> [Given information]:
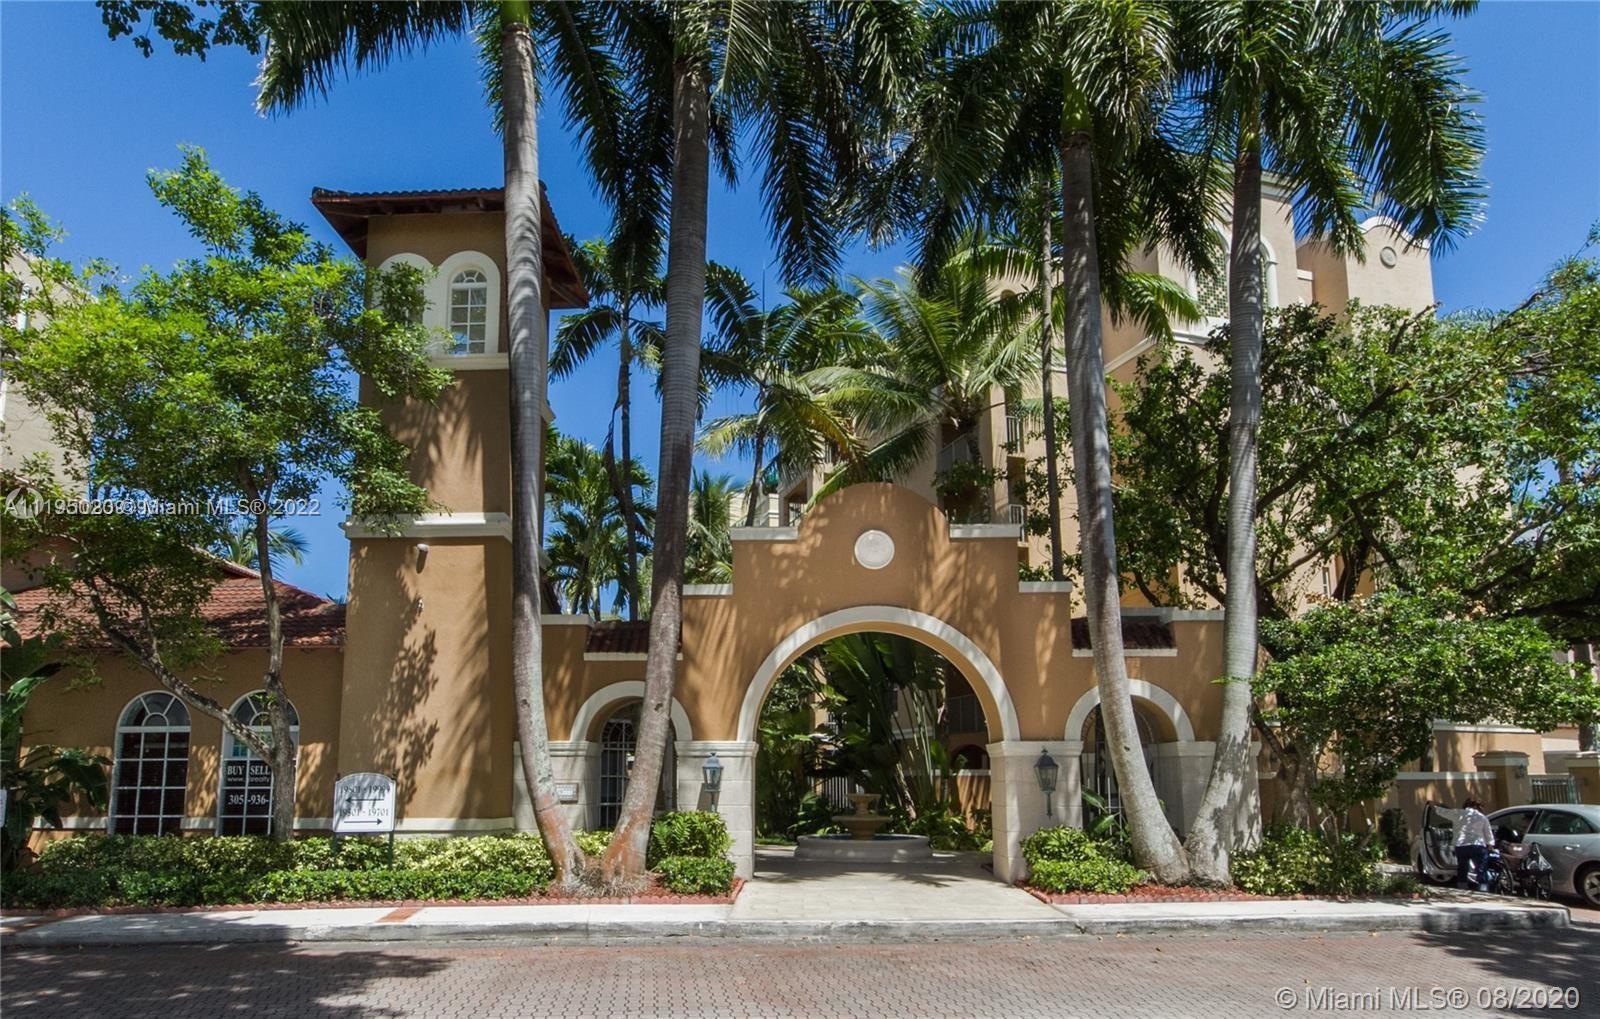 Condo in gated community at Yacht Club in Aventura; small walking distance to golf course. First cla
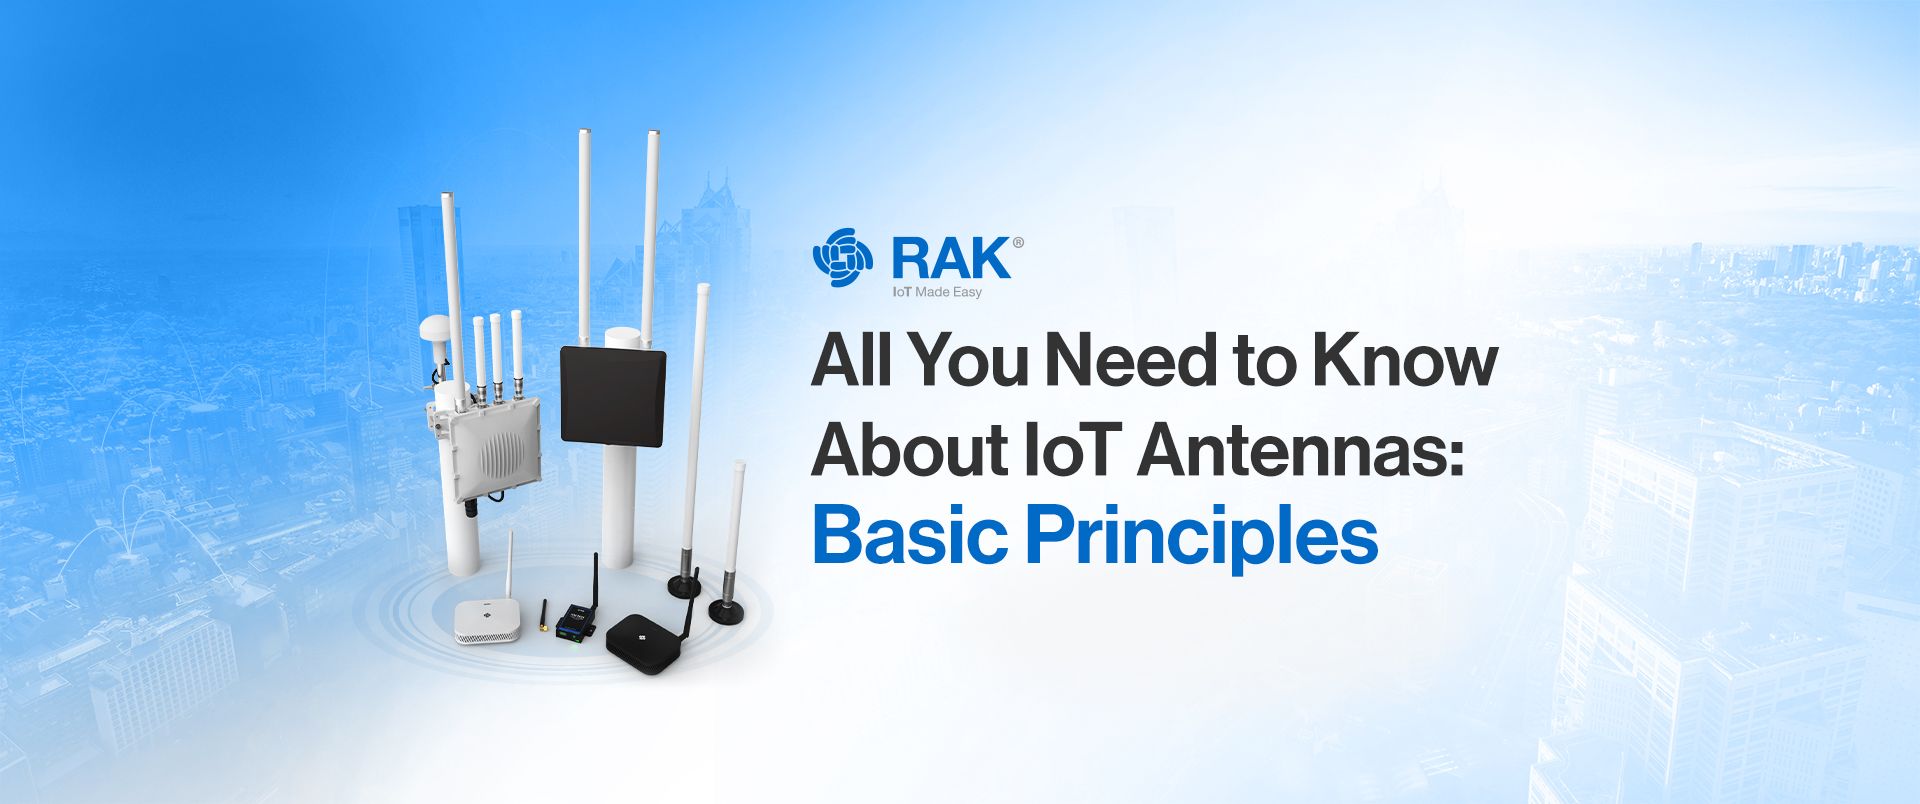 All You Need to Know About IoT Antennas: Basic Principles
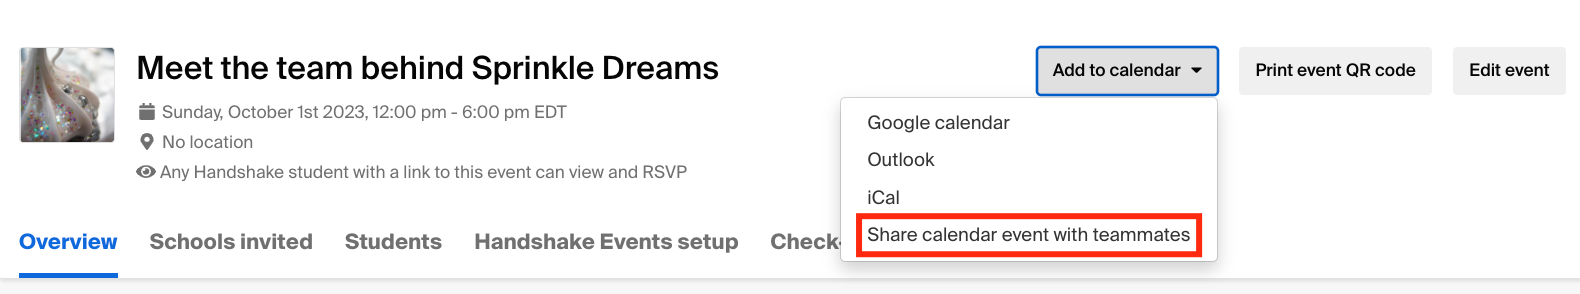 Select share calendar event with teammates from the dropdown on the event page.png

> [Aim of the task]: Please set down the data above exactly as given, leaving every picture out.

> [Answer box]:
 Condo in gated community at Yacht Club in Aventura; small walking distance to golf course. First cla
 All You Need to Know About IoT Antennas: Basic Principles
 Select share calendar event with teammates from the dropdown on the event page.png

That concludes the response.